If you’re in the mood for a charming—even beguiling—love story that deepens your understanding of Buddhism, then this is the book. The Pilgrim Kamanita is a drama that overlays longing and learning onto characters and teachings taken from traditional Buddhist texts.
The book begins with a youthful romantic encounter between a young traveling merchant, Kamanita, and a young woman, Vasitthi. Too soon, her family separates the couple; and the heart-broken Kamanita returns to his native city. There he eventually becomes established in a luxurious palace and takes two wives. But when his security is threatened by the notorious robber, Angulimala, Kamanita realizes that the loss of these earthly riches would be more a blessing than a tragedy. He abandons his wealthy lifestyle and sets off as a pilgrim in search of the renowned spiritual teacher, Gotama Buddha.
On his travels, Kamanita encounters a holy man and listens to his teachings, but he fails to recognize this man as the Buddha. Hearing nothing in the teachings of his imagined eternal bliss, Kamanita rejects them and dashes off recklessly to continue his pursuit. He is fatally gored by a cow. After death, he reappears in the heavenly paradise called Sukhavati, where his misguided search for the Buddha continues over billions more years.
At this point the novel takes on the dimensions of modern science fiction, as Kamanita embarks on extravagant journeys through both space and time. In Sukhavati, he is reunited with his love, Vasitthi. She describes how, through various twists and turns, she was introduced to the Buddha by the bandit Angulimala, now a monk, and became the Buddha’s disciple as well. Kamanita and Vasitthi’s otherworldly conversations include a simple dialogue of just a few sentences about the nature of the universe, conducted over several millions of years.

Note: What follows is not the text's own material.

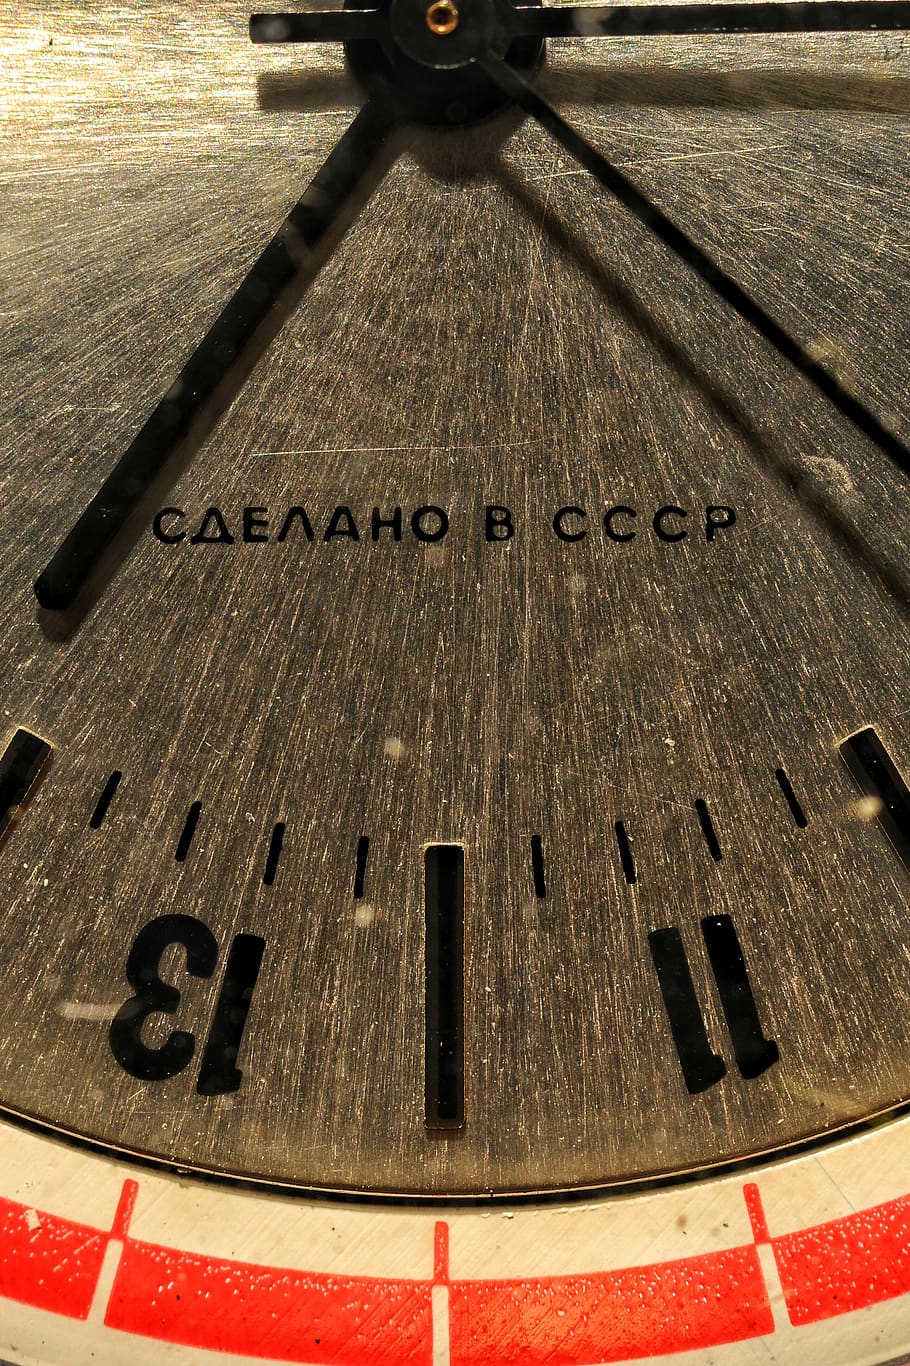 watch, russia, cccp, iron, texture, aluminum, time, lancets, timetable, vintage

We then witness the slow decay of paradise itself and the fading of the brightness of the “Hundred-thousandfold Brahma,” a mysterious and transcendental being. Kamanita’s own pilgrimage ends in a twilight of the entire manifold universe, one clearly inspired by Schopenhauer and Wagner’s Goetterdaemmerung:
And while in immeasurable space, worlds upon worlds flashed and shouted as they pressed forward again into the new Brahma day, the Pilgrim Kamanita went out—out of the sphere of knowledge of gods and humans. Out, quite as the light of a lamp goes out when it has consumed the last drop of oil in its wick. Kamanita’s pilgrimage was complete.
The histories of both this novel and its distinguished editor reflect the globalization of Buddhism. The Pilgrim Kamanita was written in German by a Dane, Karl Gjellerup (who later won the Nobel Prize for Literature), and was first published in 1906. The book was translated into English in 1912, and sometime during the 1930s translated into Thai by two aristocratic Thai academics studying at Oxford. It was used for years as part of the Thai high school curriculum.
The book’s latest editor, Theravadin monk Ajahn Amaro, came across The Pilgrim Kamanita at Amaravati Monastery, in his native England. He was so enchanted by it that he read passages regularly to the monastery community, who found its teachings compelling and rewarding. With the encouragement and support of friends, Ajahn Amaro took on the ten-year task of reediting this novel to make its Edwardian English more accessible to modern readers. In his own words, he “divided each original sentence into three new ones.” Now coabbot of Abhayagiri Monastery in California, he has enhanced this edition with 100 pages of his invaluable commentaries, offering references from Buddhist and Hindu scriptures. Three major Buddhist discourses are also reprinted as appendices.
Ajahn Amaro’s new edition of The Pilgrim Kamanita is certain to satisfy Western readers—trained monastics and lay Buddhists alike. Throughout this book, we can see our own stories as expressed through Kamanita’s deepening preoccupations: his attachment as he is initially entranced by the power of the sensual world (“Night after night we came together there, and on each occasion Vasitthi and I discovered new treasures in our mutual affection and bore away with us an increased longing for our next meeting.”); and his painful realization of a higher awareness (“Was there ever a greater idiot than I?! What I have been longing for as the highest happiness, as fulfillment itself, that I have already been in possession of for billions of years.”).
This book overcomes the gap we usually experience between our spiritual practice and our humanistic culture. The captivating story delights as well as informs; there’s something in it for both romantics and scholars. Now almost a century old, The Pilgrim Kamanita remains unique.